Clients often ask for this, some marketing materials claim to offer it, but can it be done? It depends on what you want to predict.
Can you predict an individual OSA event: the theft of a certain product at an exact time in a specfic store? The loss of a shelf-tag, a store associate (or customer) blocking a replenishment spot, the misplacement and subsequent loss of product in the back room?
This is an emphatic, categorical "no, absolutely not, no way, never". Think about it. Do I really need to explain?
Can you predict when a store is going to run out of stock?
You bet! We need a number of facts on inventory, orders and need to generate a store level forecast for demand by product, but this is (relatively) basic blocking and tackling work. 100% "yes" this can be done. From an OSA standpoint though it's only responsible for about 25% of the overall problem and you can't do it very far into the future.
Can you predict which stores, products and categories are likely to have most problems with maintaining on-shelf availability?
90% "yes". There is data to suggest that OSA is routinely different across categories implying there are structural reasons for this. Similarly some stores routinely out-perform others. It should be possible to build a predictive model using product, store and planogram attributes (drivers) to explain this variation in long term performance.
It's not the prediction itself we are interested in, the model quantifies the contribution of the various drivers of OSA and that is what is valuable.

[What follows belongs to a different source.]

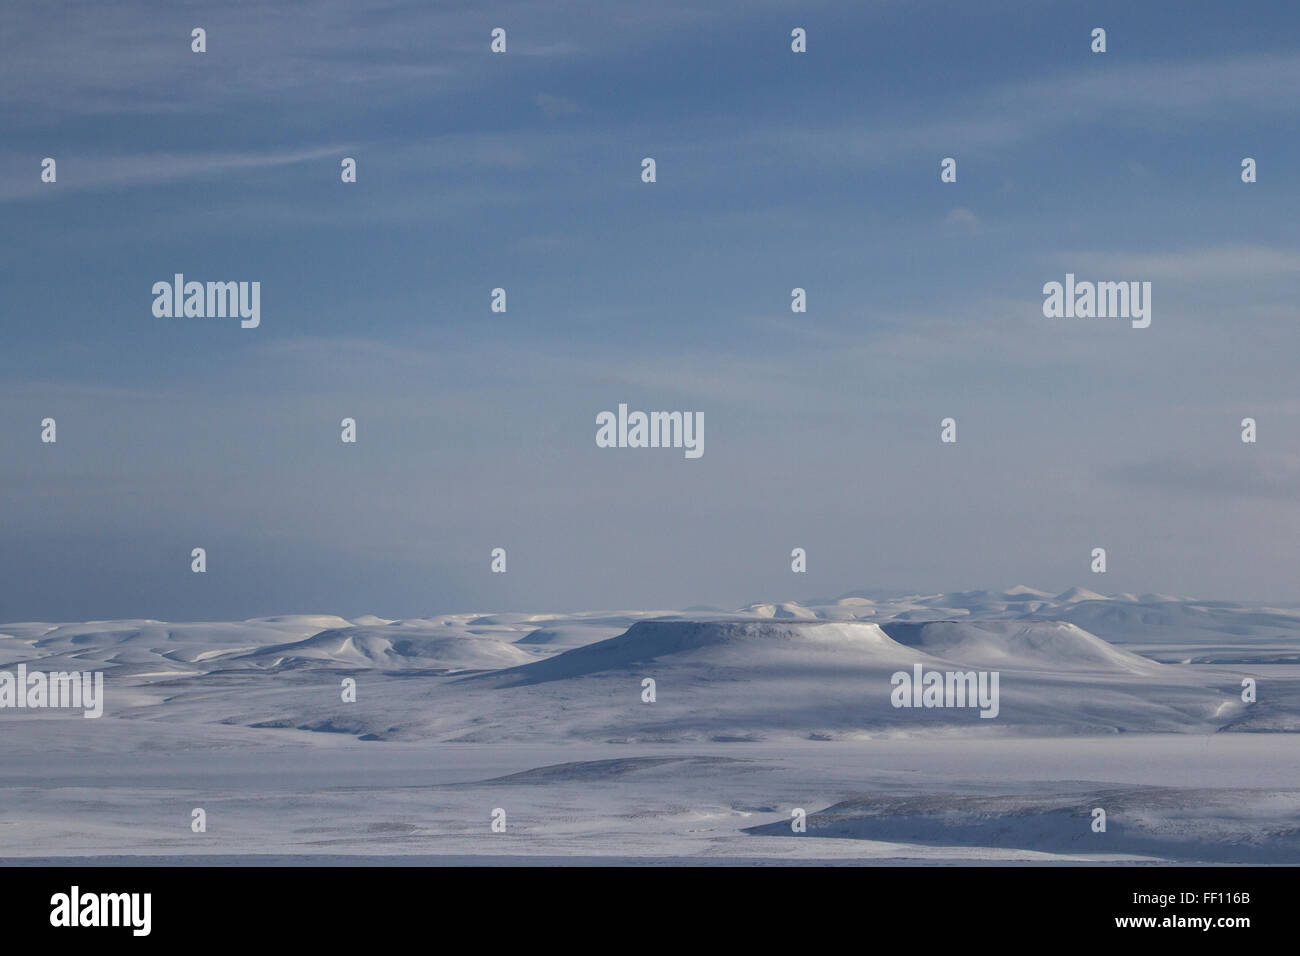 Panorama de invierno en el norte de la isla de Bering en un día soleado Foto de stock

Once we know what drives OSA (and by how much) we can work to change those inputs we can control. This is how you make a step-change in OSA performance.

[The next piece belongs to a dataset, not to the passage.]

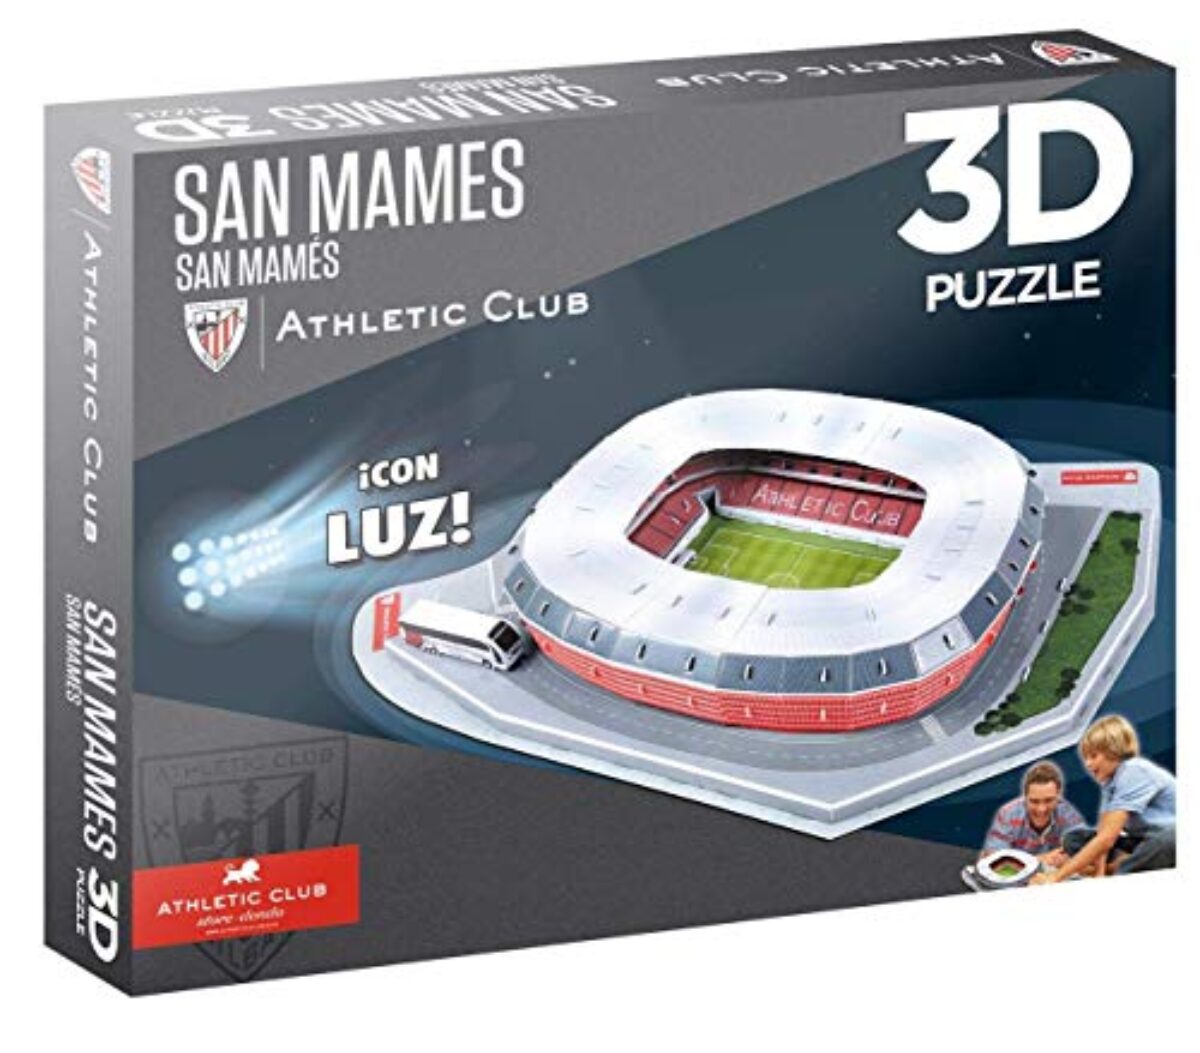 Stadio di Wembley Inghilterra Calcio 3D puzzle giocattolo gioco calcio

So why haven't we done this already? Ideally it should be run against OSA measures from physical audits which are not widely available, and the ones I have seen are heavily biased in one form or another. It could be run against off-shelf alerting system results which captures about 25% of the OSA problem but there are issues with both data volume and security to get a broad spectrum of products and stores into one analysis. These can, I think, be overcome - watch this space.
Can you detect off-shelf events where there are persistent problems stocking the shelf, but before sales drop completely to zero?
Yes we could! Analytically it’s not that much more difficult than checking for a gap against 0 sales. (Although it's a little more challenging in terms of software implementation at scale.)
If we estimate that average sales over a period should have been 8.3 but actual sales were only 3 is that unusual? A little stats can help: if we assume a Poisson distribution for demand it turns out that the probability of selling 3 or less, given expected demand of 8.3 is 3.5%. So, it’s unusual, but as this could happen by pure chance roughly 1 in 30 times, it’s probably not exceptional enough to call out an “off shelf” alert. Actually, you won't call an alert at a 1% signifcance level until the expected demand exceeds 10. Bear in mind that 10 units of sales per store is either a very fast-moving product or a very long evaluation period: the majority of grocery products sell less than 1 unit per store per week.
This approach is really only relevant then for very fast-moving products. You may also want to consider how you physically check for such an issue in store. Chances are that the product is on the shelf much of the time. How are you going to find the problem?
This post is the tenth in a series on On-Shelf Availability.